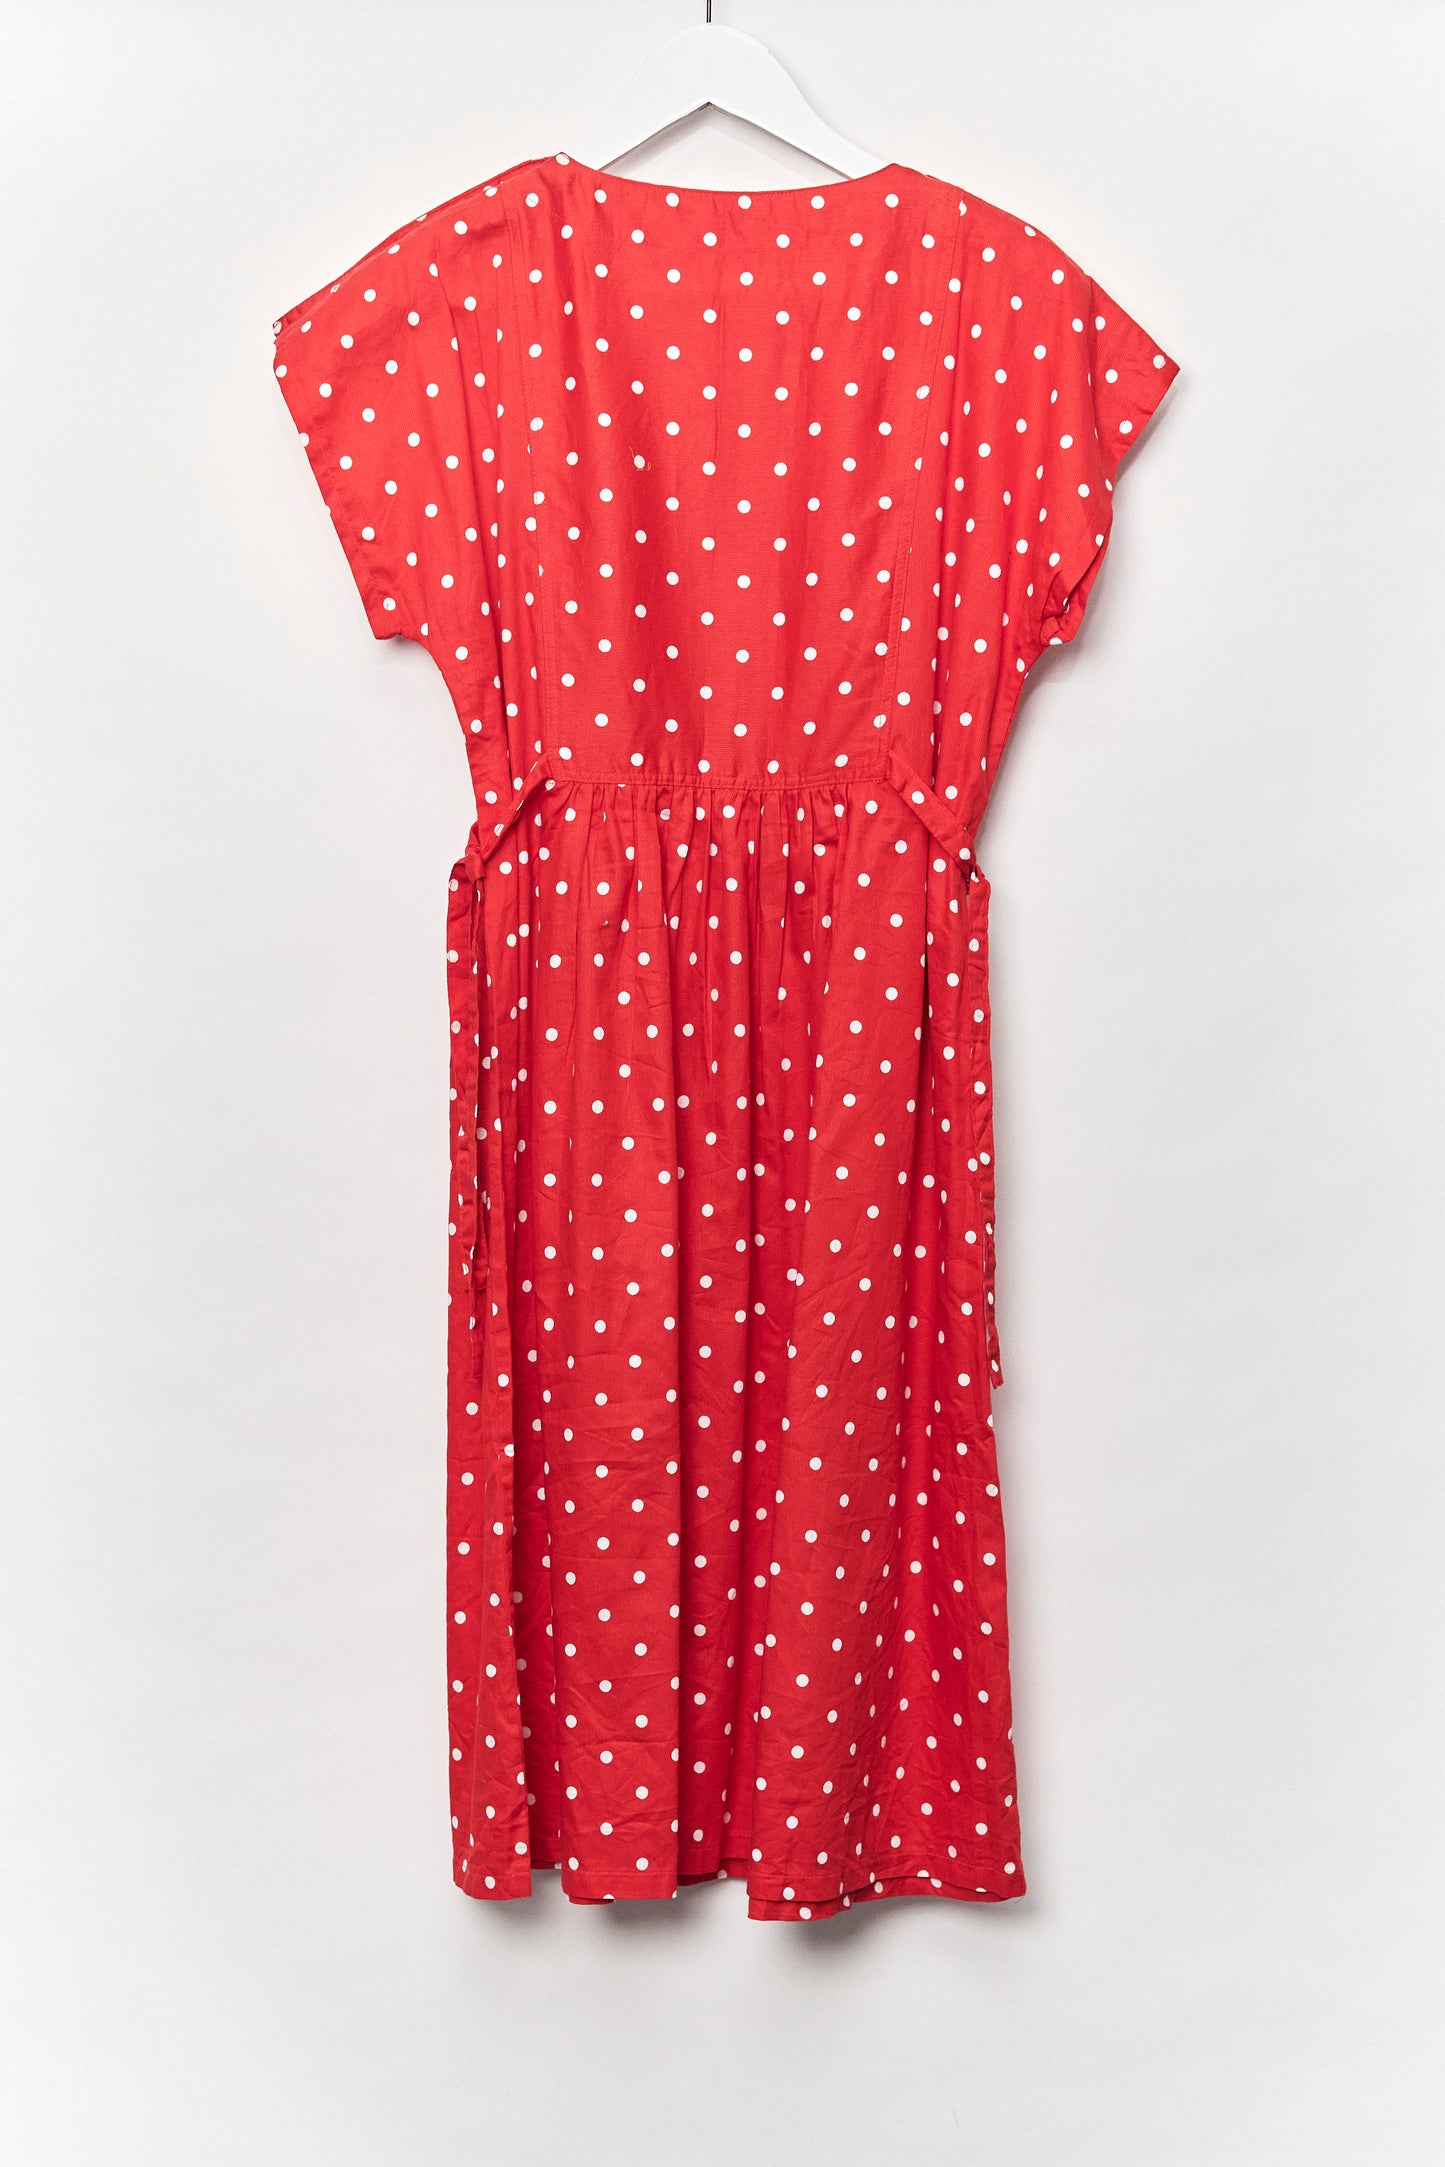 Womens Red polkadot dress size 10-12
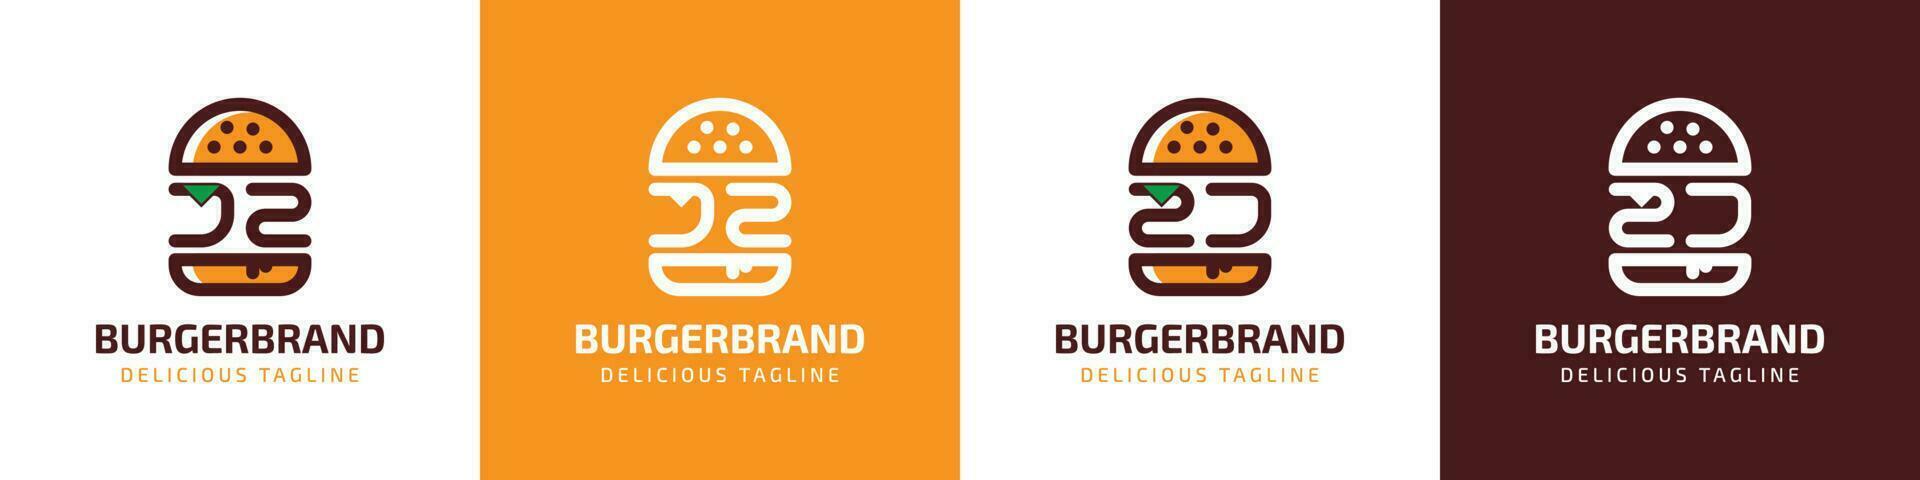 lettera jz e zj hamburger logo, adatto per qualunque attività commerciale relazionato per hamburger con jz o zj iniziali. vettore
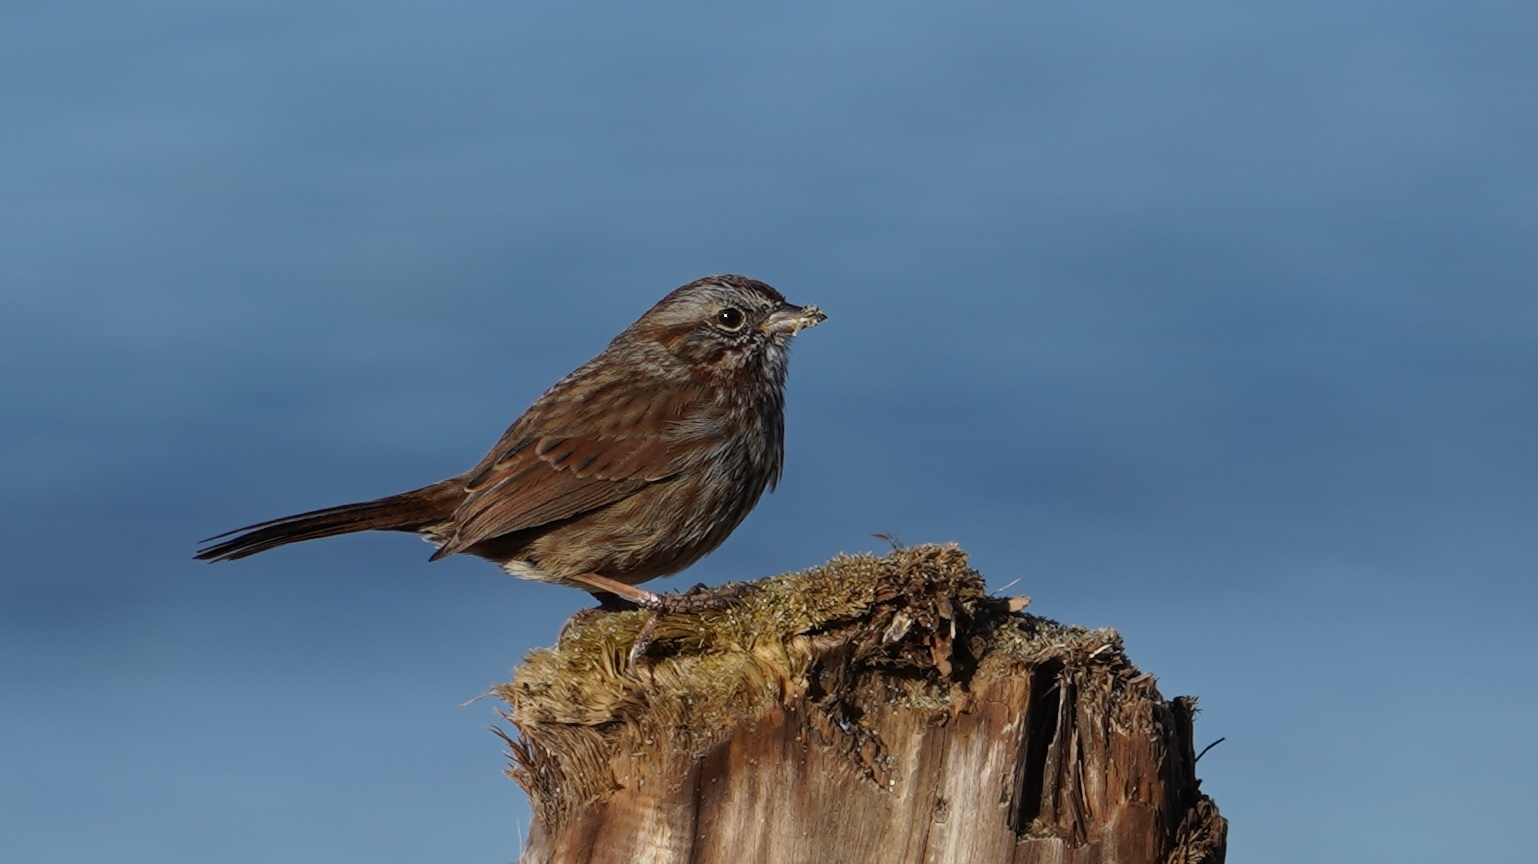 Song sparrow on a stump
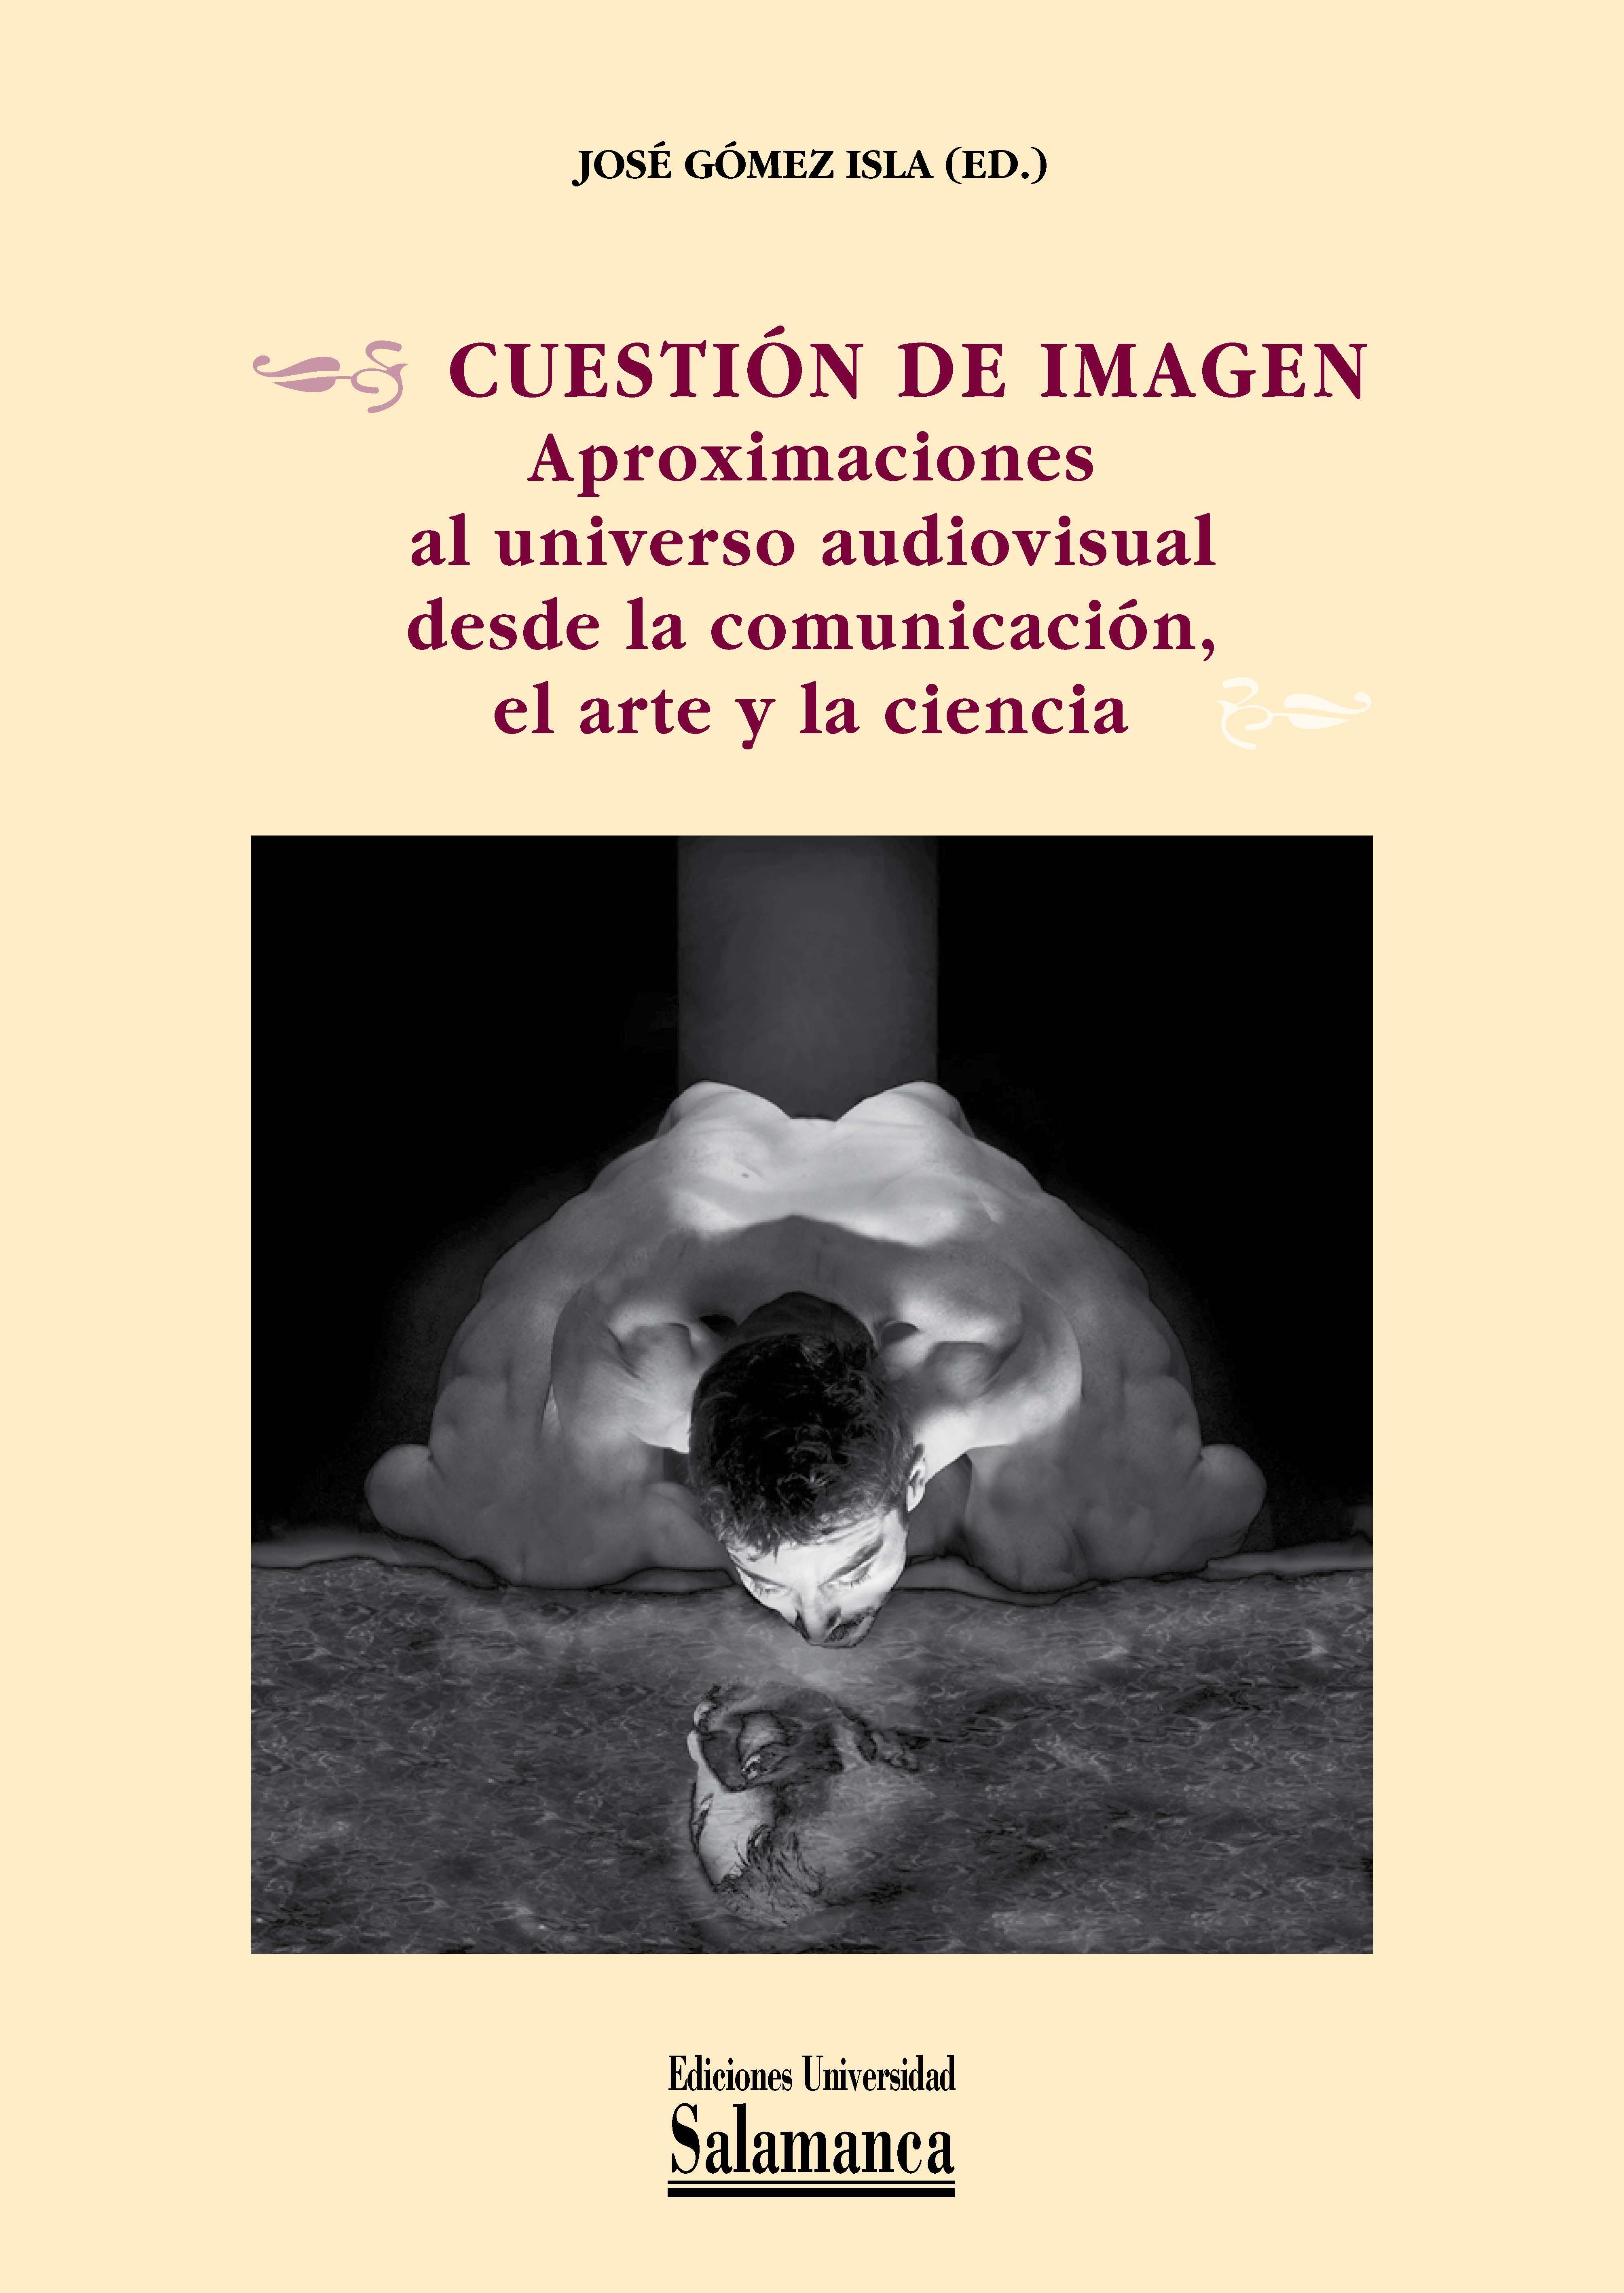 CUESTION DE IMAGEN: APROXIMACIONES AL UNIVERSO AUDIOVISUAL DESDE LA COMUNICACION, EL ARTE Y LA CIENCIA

• • • • • • •

#### [WORK TO BE COMPLETED]
Every word of the material above should be copied exactly; no pictures.

#### [PROBLEM SOLUTION]
 Womens Red polkadot dress size 10-12
 lettera jz e zj hamburger logo, adatto per qualunque attività commerciale relazionato per hamburger con jz o zj iniziali. vettore
 Song sparrow on a stump
 CUESTION DE IMAGEN: APROXIMACIONES AL UNIVERSO AUDIOVISUAL DESDE LA COMUNICACION, EL ARTE Y LA CIENCIA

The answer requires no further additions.